Mocking Trump? Not Working, part II


Mocking Trump? Not Working, part II
P. Schultz

            Below is a link to an article in today’s NY Times entitled “Why We Must Make a Mockery of Trump,” by Howard Jacobson. I read it with some disbelief and that disbelief turned to scorn as I thought about Jacobson’s argument. I apologize for the scorn but it cannot be helped. Here’s why.

            Well, if you want to make a mockery of Trump, go right ahead. Only it won’t undermine Trump. Rather, it will only make his stronger.

            Consider what happened when Hillary Clinton labeled a sizeable portion of Trump’s supporters “deplorables.” At best, her charge fell flat and at worst it did more to damage Hillary than it did to damage Trump, except of course for those who already thought of Trump’s supporters as deplorable, thoughtless reactionaries.

            Why didn’t Hillary’s broadside work? Why won’t mocking Trump work? Because both the broadside and the mocking of Trump fail to take account of the fact that both Trump and his supporters, both of whom can be labeled “insurgents,” are responding to a political setting that lends support to their politics because the established political order lacks legitimacy. The established political order has lost its claim to legitimacy by virtue of its all-too-obvious flaws and defects.

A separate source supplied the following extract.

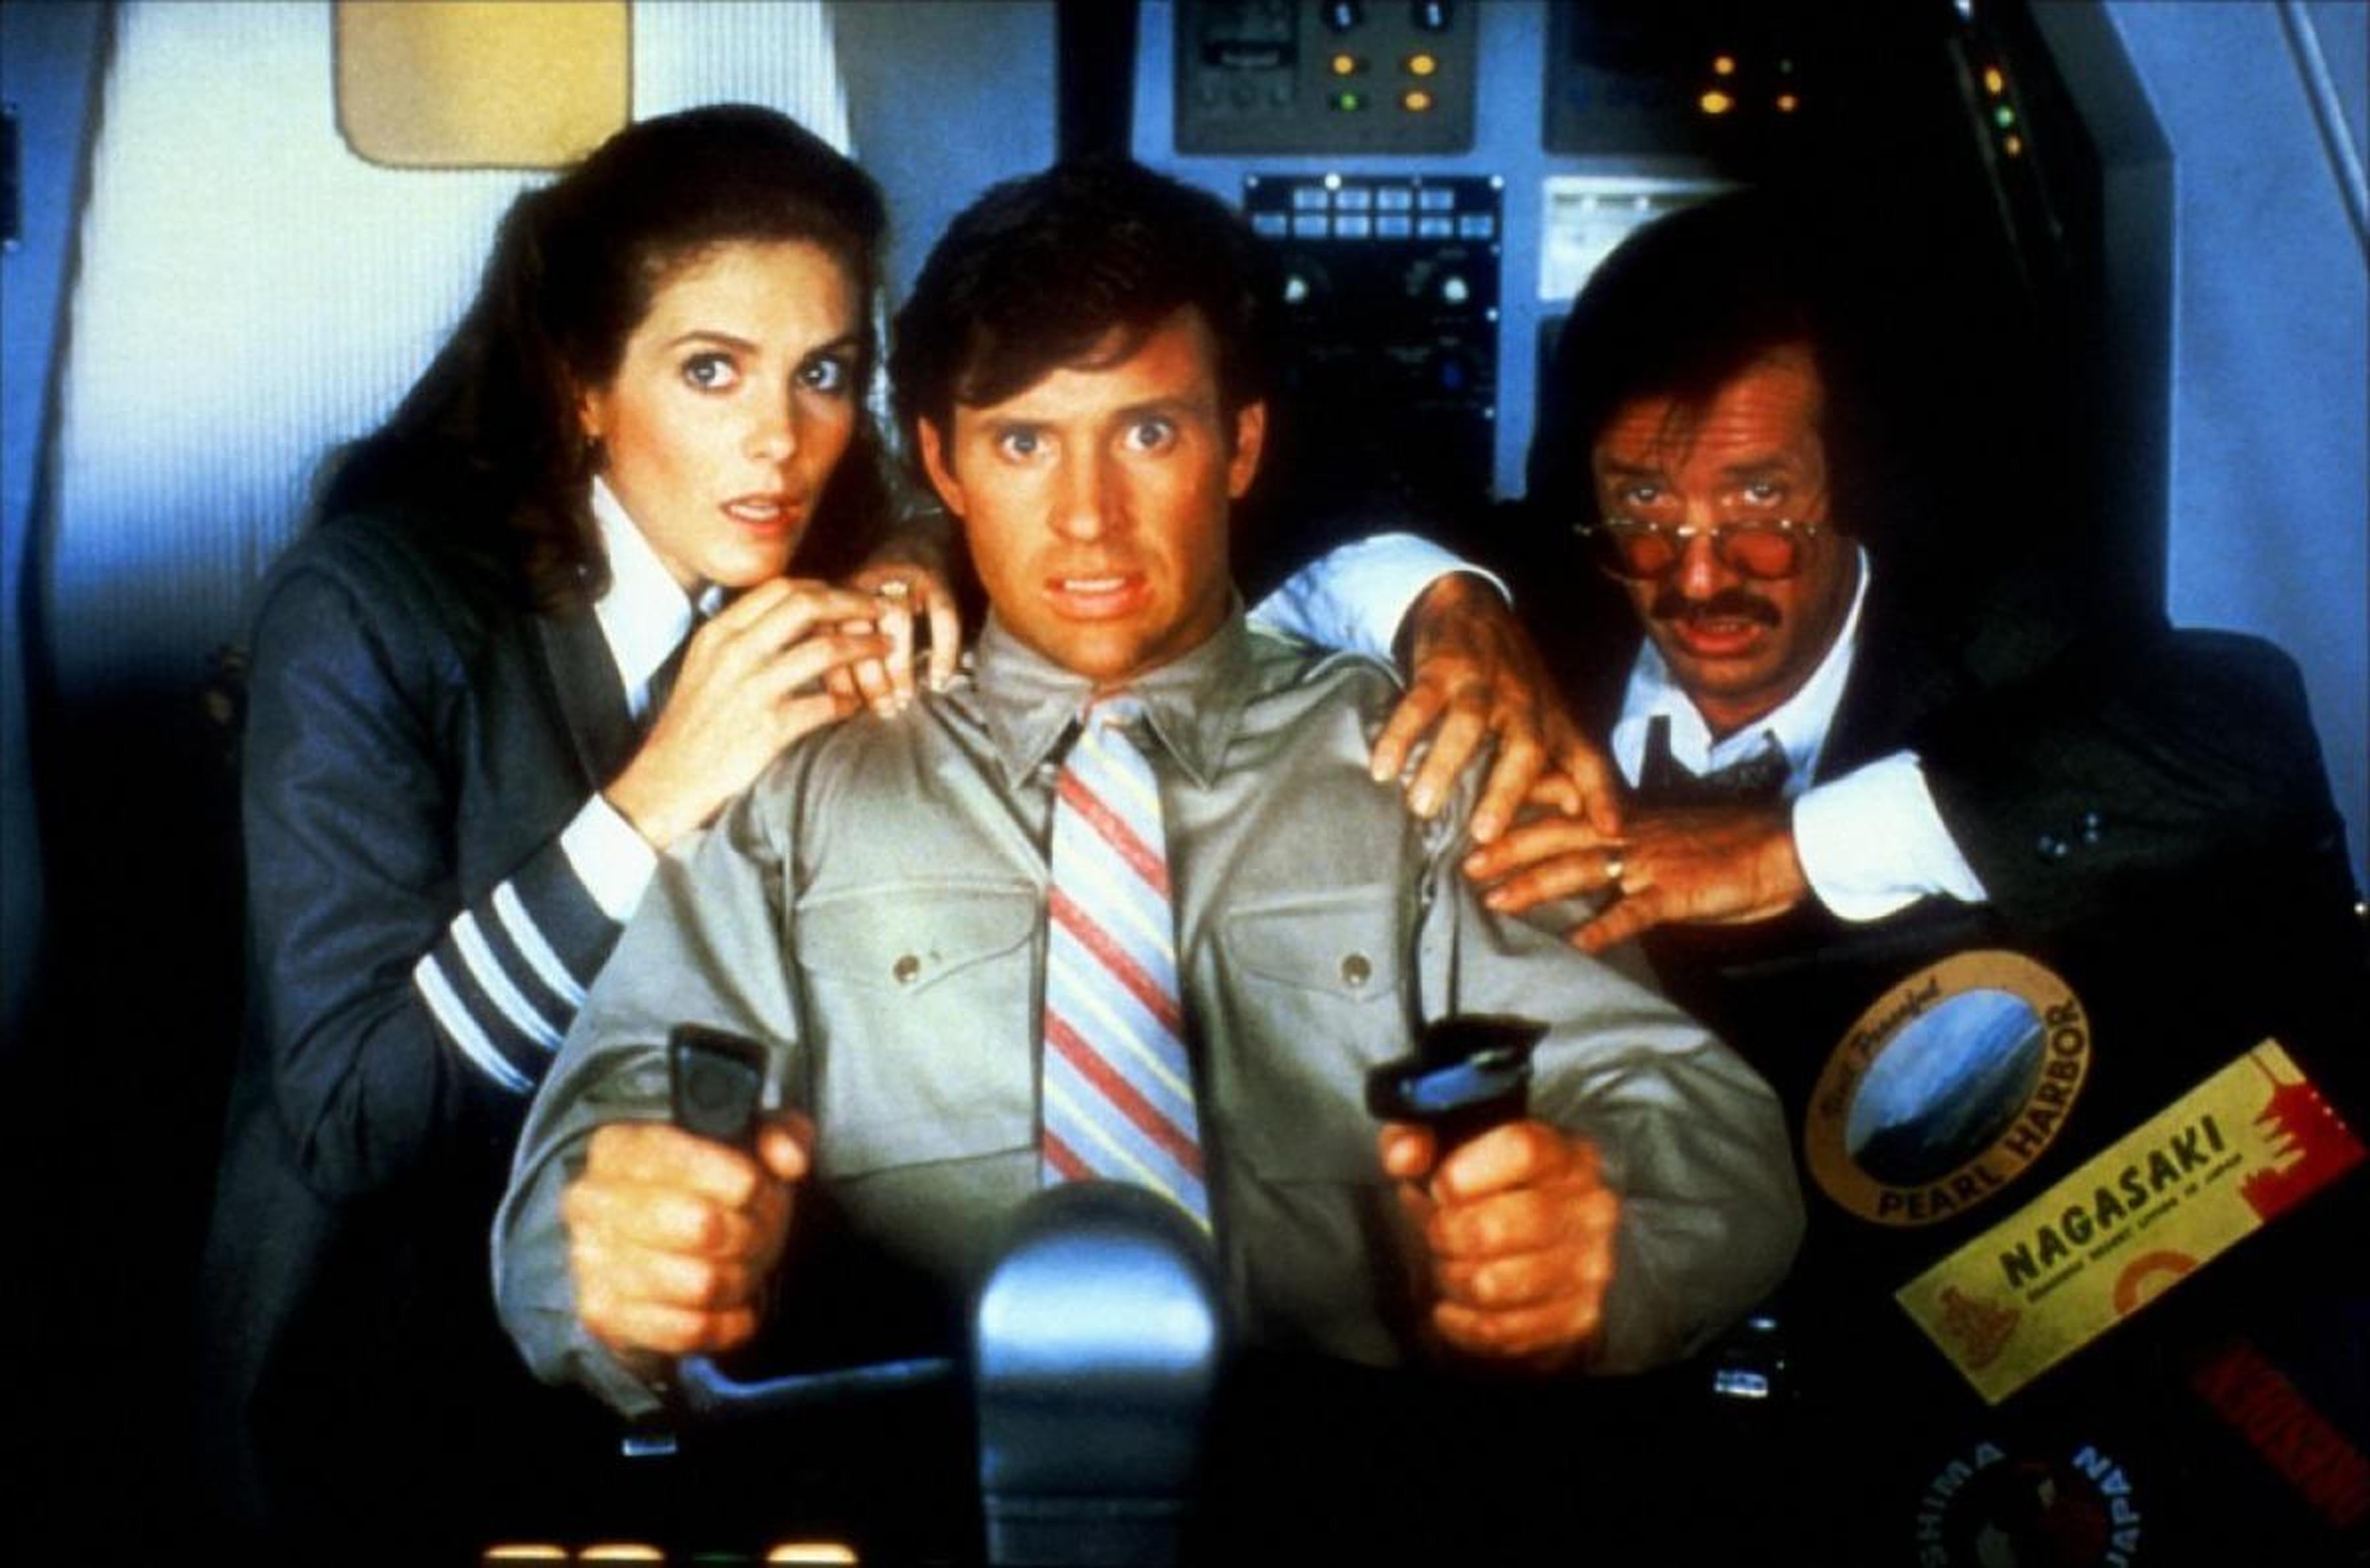 Top15：《空前绝后满天飞》 (1980) 本片虽然是喜剧片，其实故事也挺紧张刺激的呢，因机长食物中毒致死，前飞行员泰德被迫去接管控制飞机航行……
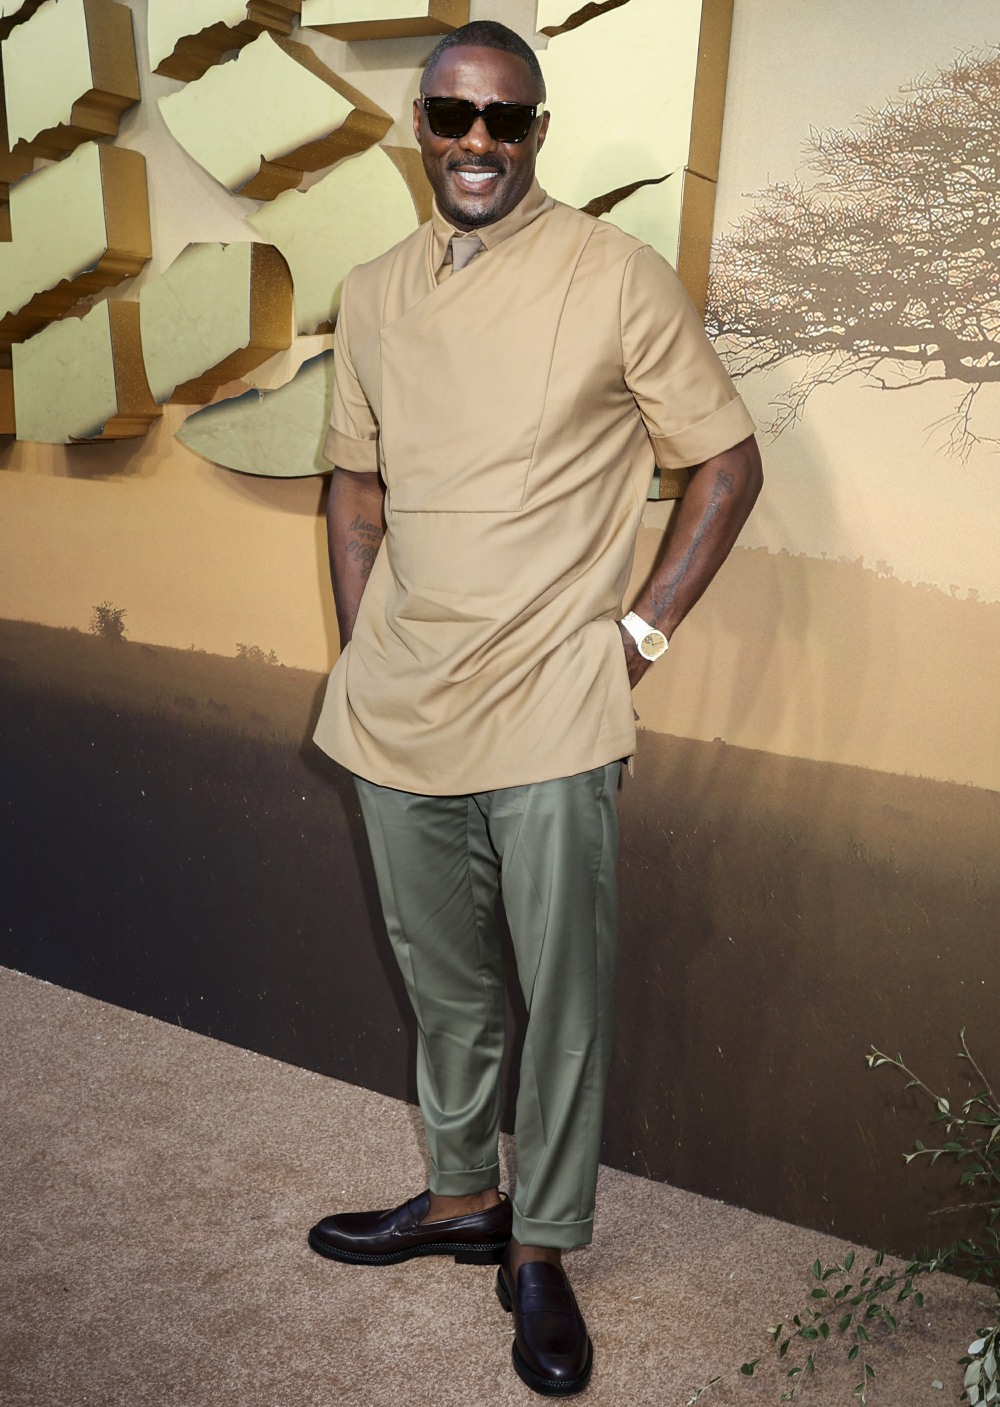 kaltak | "TGIF, işte Idris Elba'nın Hackney'de güzel görünen bazı fotoğrafları" linkleri

Simply “dissing” his supporters or mocking Trump gets you nowhere because they are responding to this setting and their response, however unacceptable to many people, is not unwarranted. Some response is needed to replace the now de-legitimized established political order. And if one is content to mock, without offering an alternative to Trump’s politics, then, weirdly enough, this just strengthens the insurgency. They have a politics and all you have is mockery. Guess who wins?

            To defeat insurgents, it is necessary to either co-opt them – as Hillary tried to do with the “Sandernistas” at the Democratic national convention, with only partial success – or to provide a political alternative to their insurgency. Co-optation with the “Trumpsters” won’t work because for them that is surrender. And like any politically committed people, the “Trumpsters” would prefer defeat to surrender because then they can “live to fight another day,” ala’ the Goldwaterites after their crushing defeat in the presidential election of 1964. Remember Ronald Reagan?

            And, apparently, so far the Democrats have no alternative to Trump’s politics or they are unwilling to embrace the alternatives that are available, such as that represented by Sanders and his “Sandernistas.” I suspect it is the latter more than the former. But in any case, this is really too bad because it means that Trump and his followers will continue to occupy the positions of power and all the “dissing” of his followers and the mocking of Trump himself will not unseat them.